2.2. Dry convective boundary layer

This is the convective boundary layer scenario described by Sauer and Munoz-Esparza (2020). This case represents the boundary layer conditions at the SWiFT facility near Lubbock, Texas at 4 July 2012 during the period of 18Z-20Z (12:00–14:00 local time), the strongest period of convection on the day.

2.2.1. Input parameters

• Number of grid points: \([N_x,N_y,N_z]=[600,594,122]\)

• Isotropic grid spacings in the horizontal directions: \([dx,dy]=[20,20]\) m, vertical grid is \(dz=20\) m at the surface and stretched with verticalDeformFactor \(=0.80\)

• Domain size: \([12.0 \times 11.9 \times 3.0]\) km

• Model time step: \(0.05\) s

• Geostrophic wind: \([U_g,V_g]=[9,0]\) m/s

• Advection scheme: Hybrid 5th order upwind

• Time scheme: 3rd-order Runge Kutta

• Latitude: \(33.5^{\circ}\) N

• Surface potential temperature: \(309\) K

• Potential temperature profile:

\[\begin{split}\partial{\theta}/\partial z = \begin{cases} 0 & \text{if $z$ $\le$ 600 m}\\ 0.004 & \text{if $z$ > 600 m} \end{cases}\end{split}\]

• Surface heat flux: \(0.35\) Km/s

• Surface roughness length: \(z_0=0.05\) m

• Rayleigh damping layer: uppermost \(400\) m of the domain

• Initial perturbations: \(\pm 0.25\) K

• Depth of perturbations: \(400\) m

• Top boundary condition: free slip

• Lateral boundary conditions: periodic

• Time period: \(4\) h

2.2.2. Execute FastEddy

1. Create a working directory to run the FastEddy tutorials and change to that directory.

2. Create a Example02_CBL subdirectory and change to that directory.

3. The FastEddy code will write its output to an output subdirectory. Create an output directory, if one does not already exist.

4. Run FastEddy using the input parameters file Example02_CBL.in located in the tutorials/examples/ subdirectory of the FastEddy repository.

See Build and Run for instructions on how to build and run FastEddy on NSF NCAR’s High Performance Computing machines.

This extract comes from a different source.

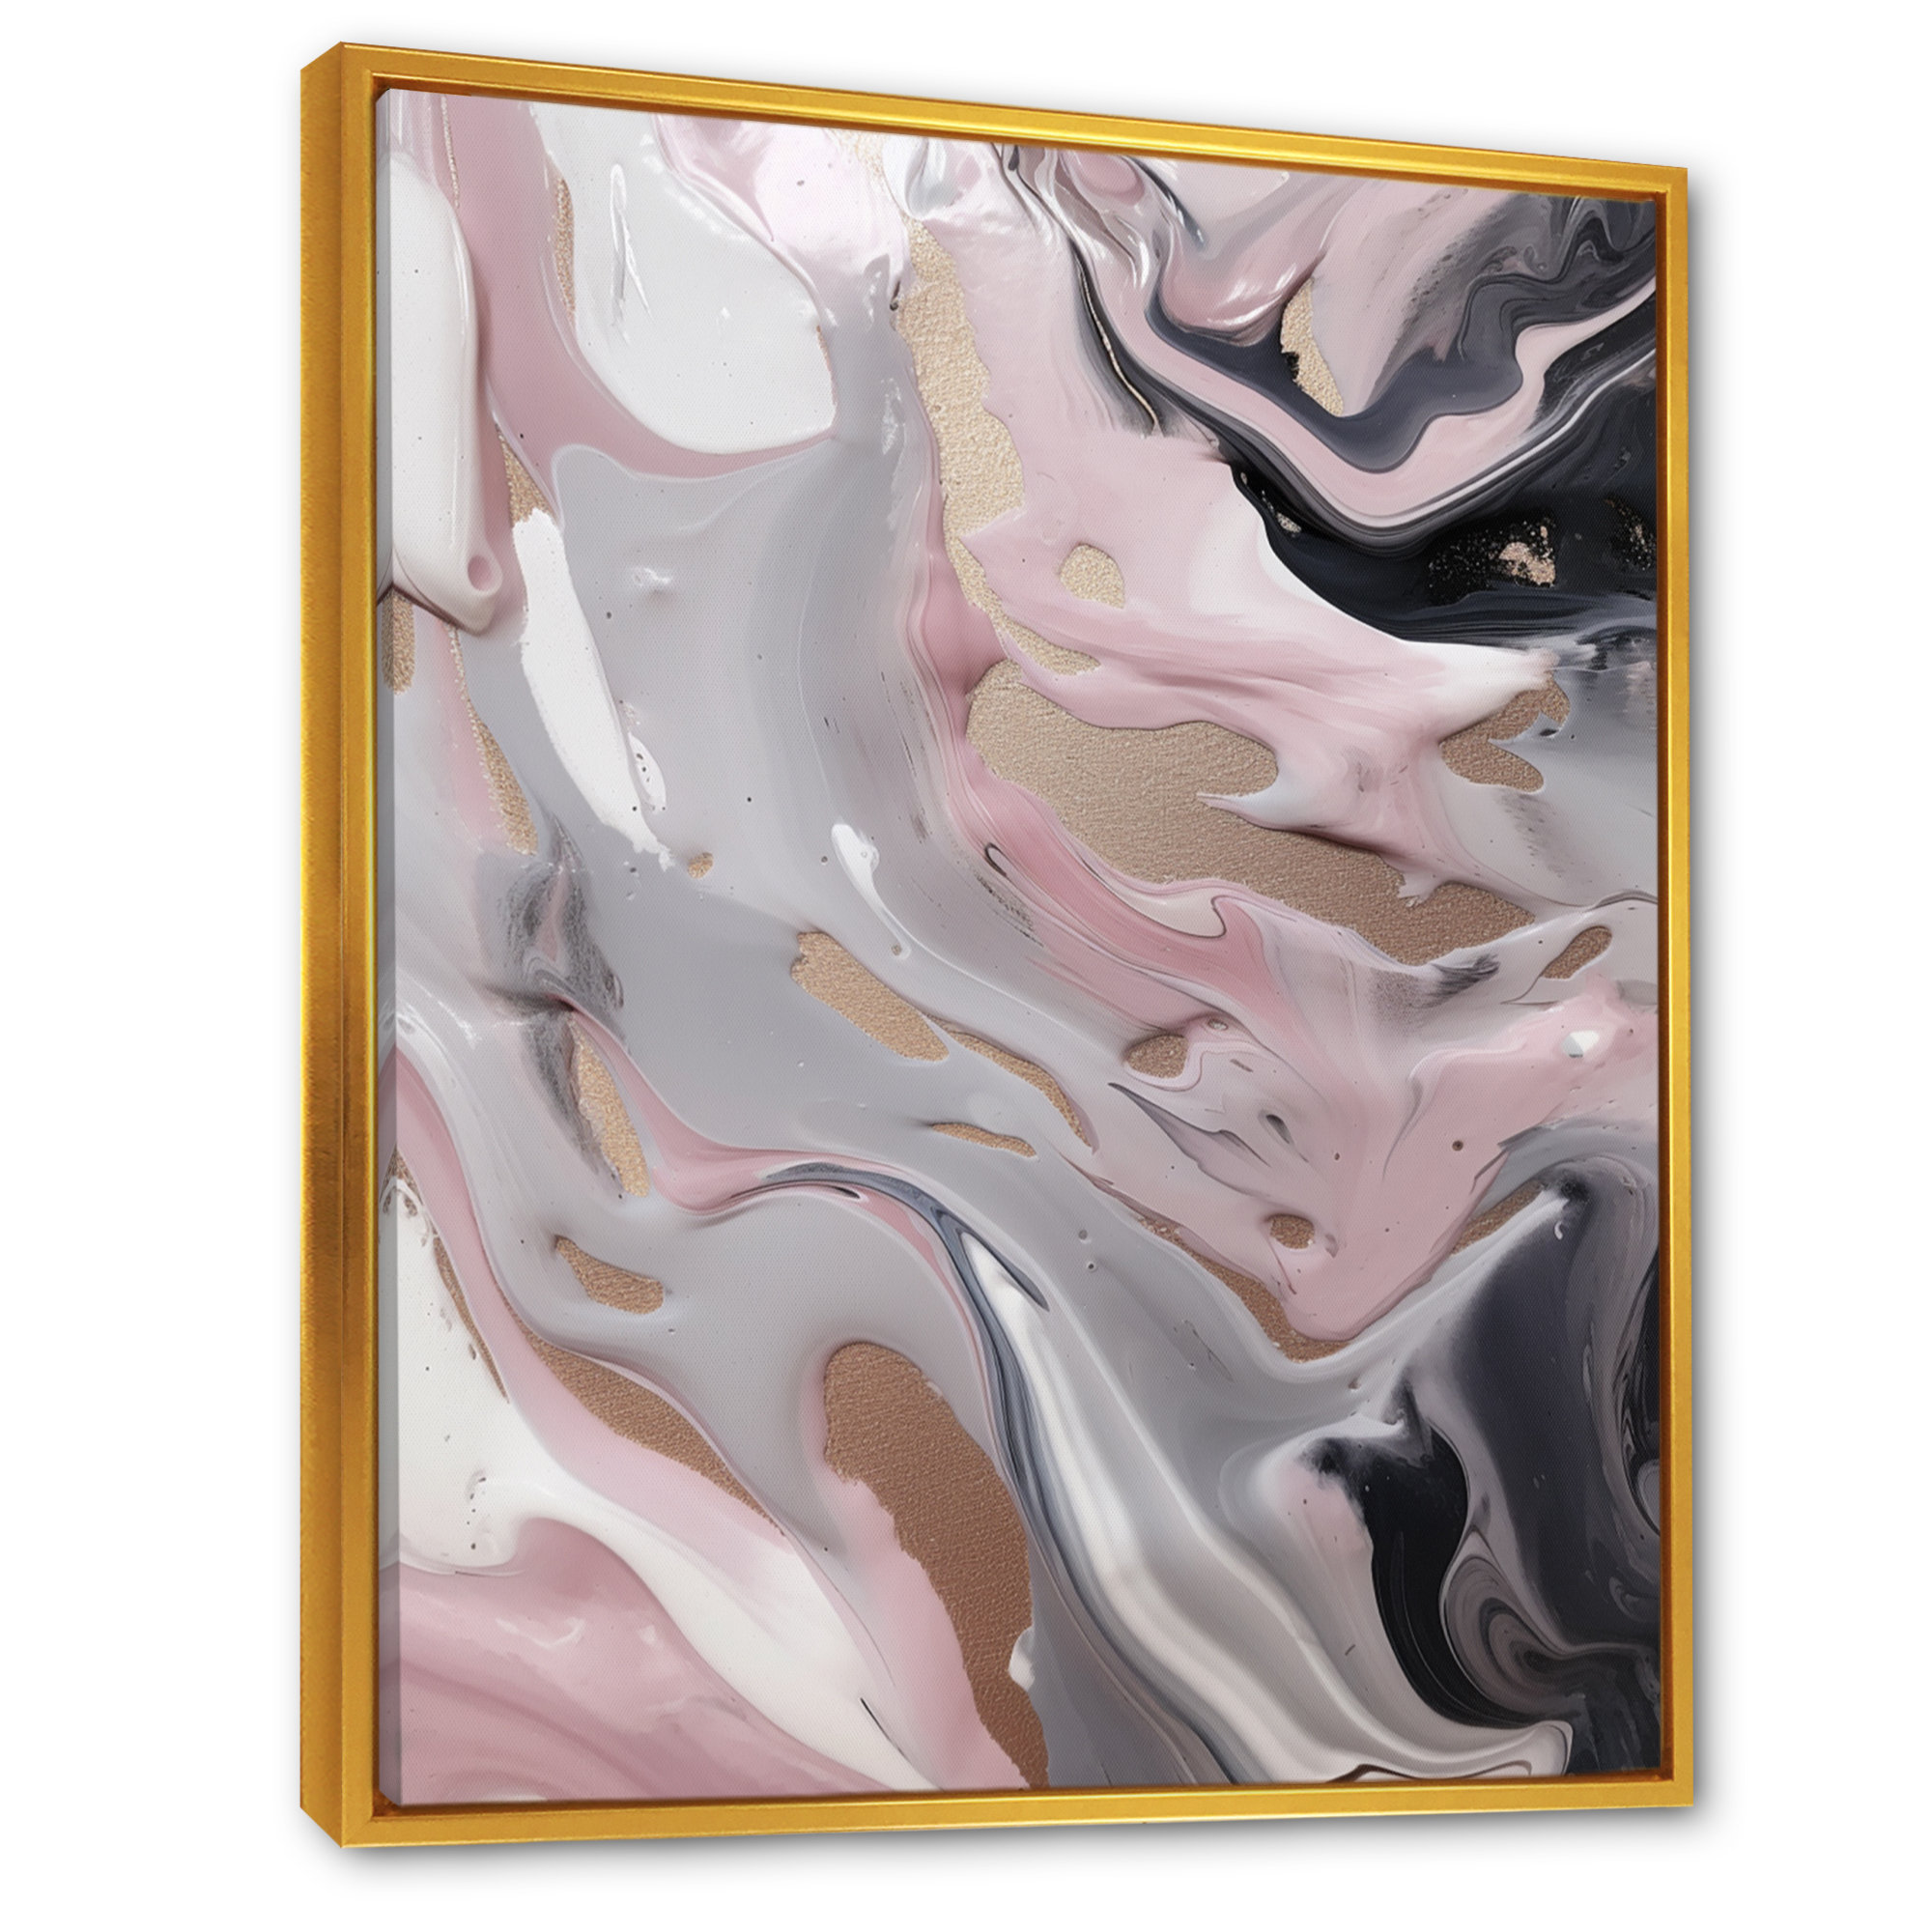 Solid Marble Paint Artwork IV - Abstract Marble Wall Art Prints Mercer41 Format: Gold Floater Framed, Size: 20 H x 12 W x 1 D

2.2.3. Visualize the output

1. Open the Jupyter notebook entitled MAKE_FE_TUTORIAL_PLOTS.ipynb.

2. Under the “Define parameters” section, modify path_base, specifying the full path to the Example02_CBL subdirectory, but don’t include the Example02_CBL subdirectory. Be sure to include a trailing slash /).

3. Under the “Define parameters” section, modify case to set its value to convective.

4. Run the Jupyter notebook.

5. The resulting XY cross section png plots will be placed in a FIGS subdirectory of the Example02_CBL directory.

XY-plane views of instantaneous velocity components at \(t=4\) h (FE_CBL.288000):

XZ-plane views of instantaneous velocity components at \(t=4\) h (FE_CBL.288000):

Mean (domain horizontal average) vertical profiles of state variables at \(t=4\) h (FE_CBL.288000):

Horizontally-averaged vertical profiles of turbulence quantities \(t=3-4\) h [perturbations are computed at each point relative to the previous 1-hour mean, and then horizontally averaged]:

2.2.4. Analyze the output

• Using the XY and XZ cross sections, discuss the characteristics (scale and magnitude) of the resolved turbulence.

• What is the boundary layer height in the convective case?

• Using the vertical profile plots, explain why the boundary layer is unstable.